SCHOOLCHILDREN BECOME STORYTELLERS FOR THE HOARD FESTIVAL

Posted on Tuesday 14th July 2015

Cheadle schoolchildren became storytellers for a day as part of a as part of the New Vic Theatre's Hoard Festival.

Around 270 pupils from Cheadle Primary School lent their support to the New Vic Theatre’s Hoard Festival which runs at the Newcastle-under-Lyme venue until Saturday 25 July.

The pupils, from Years 2 to 6, got stuck into in the Festival’s 500 Pieces project - 500 Pieces, created by artist Andy Field, has seen 500 people given 500 separate parts of a story to form a unique portrait of the day the Staffordshire Hoard was discovered – 5 July 2009.

Each story is a few lines long and paints a picture of what a single person was doing somewhere in the world at the exact moment the Hoard was discovered.

The storytellers will be identified by a special badge during the period of the Hoard Festival and are being encouraged to share their story with others when asked.

As part of the project, pupils were visited by theatre practitioners from the New Vic and spent time learning their stories during a series of drama workshops last week.

Gemma Fairlie, New Vic Hoard Festival Associate Director, said: “The pupils at Cheadle Primary School were lovely to work with.
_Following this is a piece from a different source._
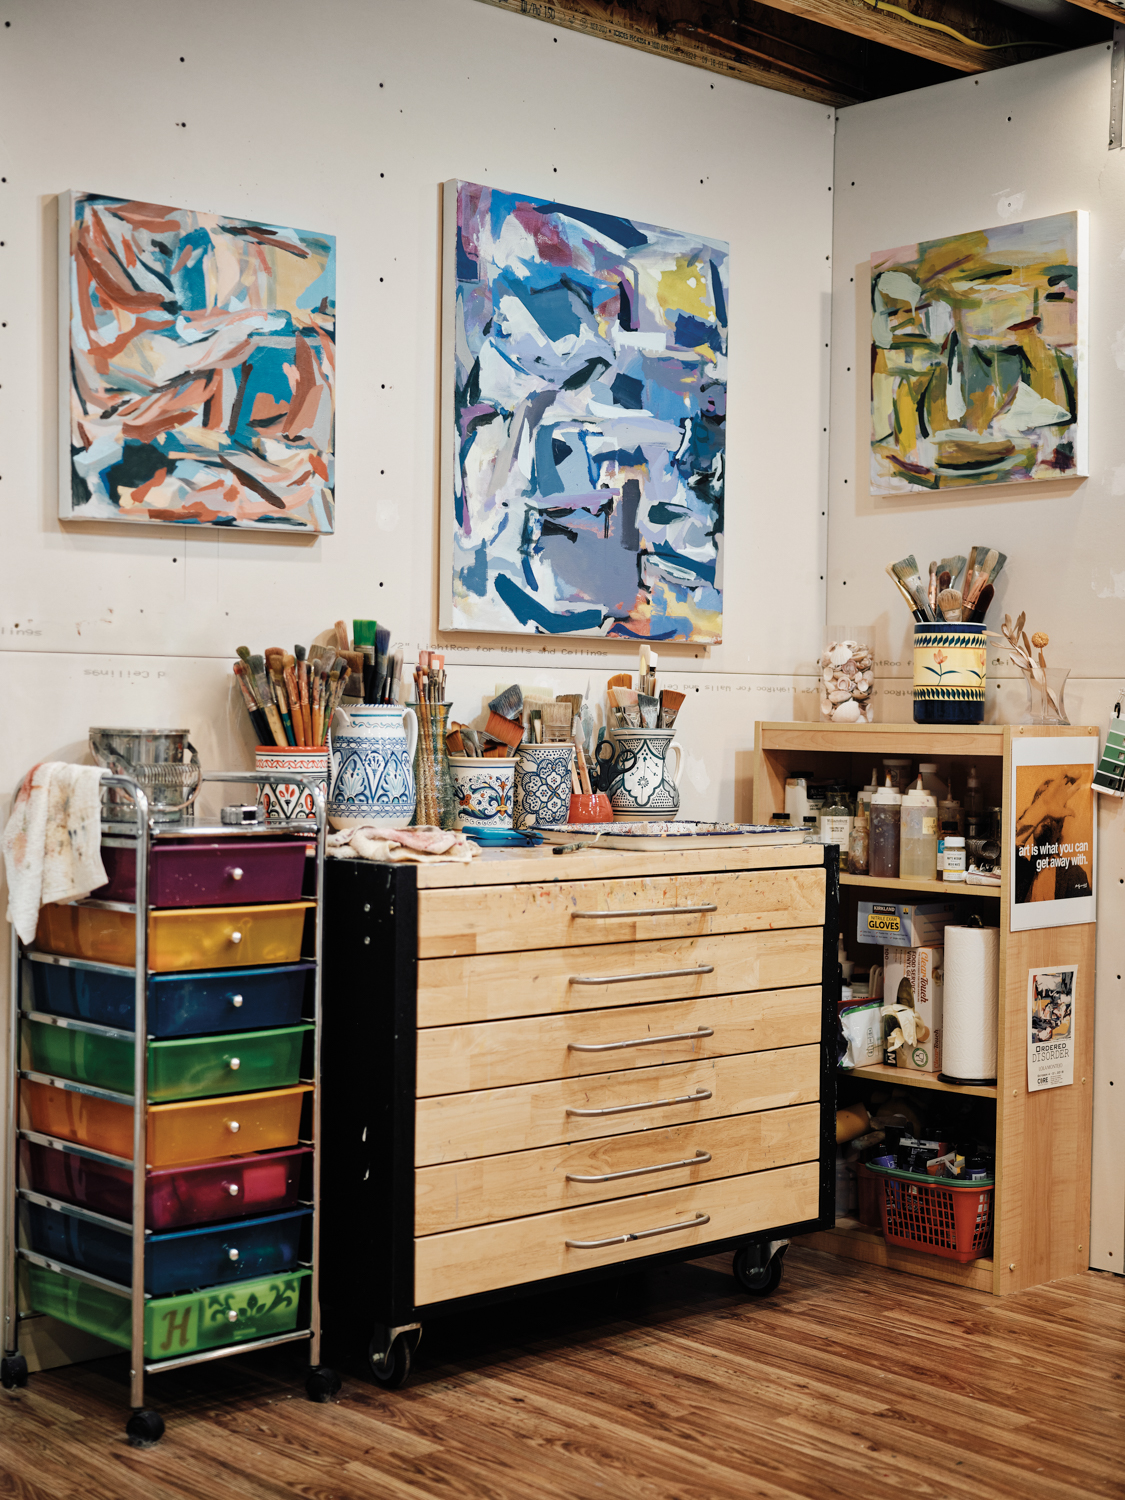 storage cabinets and shelves filled with painting supplies, with abstract paintings hung above

We could really feel a buzz about this project, and the Hoard itself, around the school - pupils were very excited to become storytellers and share their stories.

“It was a real privilege to see so many children involved in an important part of the Hoard Festival.”

Mike Prescott, headteacher at Cheadle Primary School, said: “500 Pieces has been an amazing project to be part of, not just from a theatrical point of view but also in developing links between drama and literacy skills which is really important.”